━━ The data

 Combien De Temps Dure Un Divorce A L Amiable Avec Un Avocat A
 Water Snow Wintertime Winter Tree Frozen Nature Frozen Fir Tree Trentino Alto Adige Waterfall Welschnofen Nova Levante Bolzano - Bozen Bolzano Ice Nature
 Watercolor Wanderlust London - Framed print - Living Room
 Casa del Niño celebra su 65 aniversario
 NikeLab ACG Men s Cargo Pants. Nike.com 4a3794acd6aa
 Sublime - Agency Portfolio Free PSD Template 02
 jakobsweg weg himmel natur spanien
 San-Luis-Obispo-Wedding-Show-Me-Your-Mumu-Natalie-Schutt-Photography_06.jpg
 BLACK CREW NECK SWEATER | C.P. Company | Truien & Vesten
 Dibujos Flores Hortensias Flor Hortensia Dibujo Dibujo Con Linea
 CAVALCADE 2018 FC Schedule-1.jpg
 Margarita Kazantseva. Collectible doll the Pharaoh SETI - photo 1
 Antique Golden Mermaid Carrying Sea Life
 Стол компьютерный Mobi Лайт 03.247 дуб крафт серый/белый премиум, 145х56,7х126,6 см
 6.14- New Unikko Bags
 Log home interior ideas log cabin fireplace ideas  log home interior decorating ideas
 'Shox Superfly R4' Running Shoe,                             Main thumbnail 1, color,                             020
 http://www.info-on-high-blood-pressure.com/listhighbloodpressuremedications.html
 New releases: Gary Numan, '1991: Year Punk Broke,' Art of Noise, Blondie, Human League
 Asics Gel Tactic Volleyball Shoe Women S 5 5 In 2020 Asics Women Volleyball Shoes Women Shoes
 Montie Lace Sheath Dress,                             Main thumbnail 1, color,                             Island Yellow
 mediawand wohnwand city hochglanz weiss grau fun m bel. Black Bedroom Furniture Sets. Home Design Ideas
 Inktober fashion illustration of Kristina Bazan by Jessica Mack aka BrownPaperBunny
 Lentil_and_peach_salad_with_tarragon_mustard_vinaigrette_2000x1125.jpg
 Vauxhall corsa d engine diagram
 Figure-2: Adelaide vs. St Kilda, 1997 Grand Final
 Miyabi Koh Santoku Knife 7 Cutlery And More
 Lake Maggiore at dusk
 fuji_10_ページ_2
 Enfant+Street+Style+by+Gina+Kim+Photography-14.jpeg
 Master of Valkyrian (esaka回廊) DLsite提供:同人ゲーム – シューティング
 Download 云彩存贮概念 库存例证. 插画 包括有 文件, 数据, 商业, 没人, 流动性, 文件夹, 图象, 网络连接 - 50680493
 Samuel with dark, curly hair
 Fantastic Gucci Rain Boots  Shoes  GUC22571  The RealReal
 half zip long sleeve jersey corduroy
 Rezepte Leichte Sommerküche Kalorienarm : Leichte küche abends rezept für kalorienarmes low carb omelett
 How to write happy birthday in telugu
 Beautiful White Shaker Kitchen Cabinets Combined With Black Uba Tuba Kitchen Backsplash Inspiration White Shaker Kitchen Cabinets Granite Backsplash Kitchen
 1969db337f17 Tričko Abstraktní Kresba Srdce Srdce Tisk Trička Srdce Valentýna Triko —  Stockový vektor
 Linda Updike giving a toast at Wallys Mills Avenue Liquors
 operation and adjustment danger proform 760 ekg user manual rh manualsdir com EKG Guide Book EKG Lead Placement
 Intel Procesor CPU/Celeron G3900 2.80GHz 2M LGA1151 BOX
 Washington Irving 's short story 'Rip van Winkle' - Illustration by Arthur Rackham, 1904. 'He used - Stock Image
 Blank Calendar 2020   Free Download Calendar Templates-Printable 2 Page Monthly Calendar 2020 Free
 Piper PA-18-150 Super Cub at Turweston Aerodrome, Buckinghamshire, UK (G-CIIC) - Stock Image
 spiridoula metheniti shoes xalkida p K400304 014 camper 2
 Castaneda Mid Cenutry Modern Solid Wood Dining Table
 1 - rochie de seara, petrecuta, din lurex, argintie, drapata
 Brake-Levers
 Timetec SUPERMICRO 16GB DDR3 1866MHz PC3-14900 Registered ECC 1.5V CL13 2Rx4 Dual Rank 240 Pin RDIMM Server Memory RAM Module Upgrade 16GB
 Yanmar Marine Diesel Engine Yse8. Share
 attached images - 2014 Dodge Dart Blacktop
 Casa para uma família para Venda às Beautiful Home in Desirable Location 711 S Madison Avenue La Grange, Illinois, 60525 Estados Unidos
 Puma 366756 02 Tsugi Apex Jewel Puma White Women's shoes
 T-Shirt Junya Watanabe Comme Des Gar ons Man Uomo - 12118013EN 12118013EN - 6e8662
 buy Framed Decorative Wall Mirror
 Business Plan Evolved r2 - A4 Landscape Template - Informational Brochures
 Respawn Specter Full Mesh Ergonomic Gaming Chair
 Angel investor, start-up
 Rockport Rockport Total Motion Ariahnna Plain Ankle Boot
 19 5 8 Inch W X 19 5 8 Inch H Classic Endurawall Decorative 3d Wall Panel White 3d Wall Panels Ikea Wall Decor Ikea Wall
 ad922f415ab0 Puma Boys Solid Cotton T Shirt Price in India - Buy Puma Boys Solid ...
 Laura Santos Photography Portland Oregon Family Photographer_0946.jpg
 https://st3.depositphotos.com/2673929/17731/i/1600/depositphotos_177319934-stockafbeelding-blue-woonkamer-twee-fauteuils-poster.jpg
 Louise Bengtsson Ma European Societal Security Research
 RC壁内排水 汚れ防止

━━━━

_Work required:_
Copy only the entries from the first line to the line with "Lake Maggiore at dusk", each exactly as it appears.

_The answer:_
 Combien De Temps Dure Un Divorce A L Amiable Avec Un Avocat A
 Water Snow Wintertime Winter Tree Frozen Nature Frozen Fir Tree Trentino Alto Adige Waterfall Welschnofen Nova Levante Bolzano - Bozen Bolzano Ice Nature
 Watercolor Wanderlust London - Framed print - Living Room
 Casa del Niño celebra su 65 aniversario
 NikeLab ACG Men s Cargo Pants. Nike.com 4a3794acd6aa
 Sublime - Agency Portfolio Free PSD Template 02
 jakobsweg weg himmel natur spanien
 San-Luis-Obispo-Wedding-Show-Me-Your-Mumu-Natalie-Schutt-Photography_06.jpg
 BLACK CREW NECK SWEATER | C.P. Company | Truien & Vesten
 Dibujos Flores Hortensias Flor Hortensia Dibujo Dibujo Con Linea
 CAVALCADE 2018 FC Schedule-1.jpg
 Margarita Kazantseva. Collectible doll the Pharaoh SETI - photo 1
 Antique Golden Mermaid Carrying Sea Life
 Стол компьютерный Mobi Лайт 03.247 дуб крафт серый/белый премиум, 145х56,7х126,6 см
 6.14- New Unikko Bags
 Log home interior ideas log cabin fireplace ideas  log home interior decorating ideas
 'Shox Superfly R4' Running Shoe,                             Main thumbnail 1, color,                             020
 http://www.info-on-high-blood-pressure.com/listhighbloodpressuremedications.html
 New releases: Gary Numan, '1991: Year Punk Broke,' Art of Noise, Blondie, Human League
 Asics Gel Tactic Volleyball Shoe Women S 5 5 In 2020 Asics Women Volleyball Shoes Women Shoes
 Montie Lace Sheath Dress,                             Main thumbnail 1, color,                             Island Yellow
 mediawand wohnwand city hochglanz weiss grau fun m bel. Black Bedroom Furniture Sets. Home Design Ideas
 Inktober fashion illustration of Kristina Bazan by Jessica Mack aka BrownPaperBunny
 Lentil_and_peach_salad_with_tarragon_mustard_vinaigrette_2000x1125.jpg
 Vauxhall corsa d engine diagram
 Figure-2: Adelaide vs. St Kilda, 1997 Grand Final
 Miyabi Koh Santoku Knife 7 Cutlery And More
 Lake Maggiore at dusk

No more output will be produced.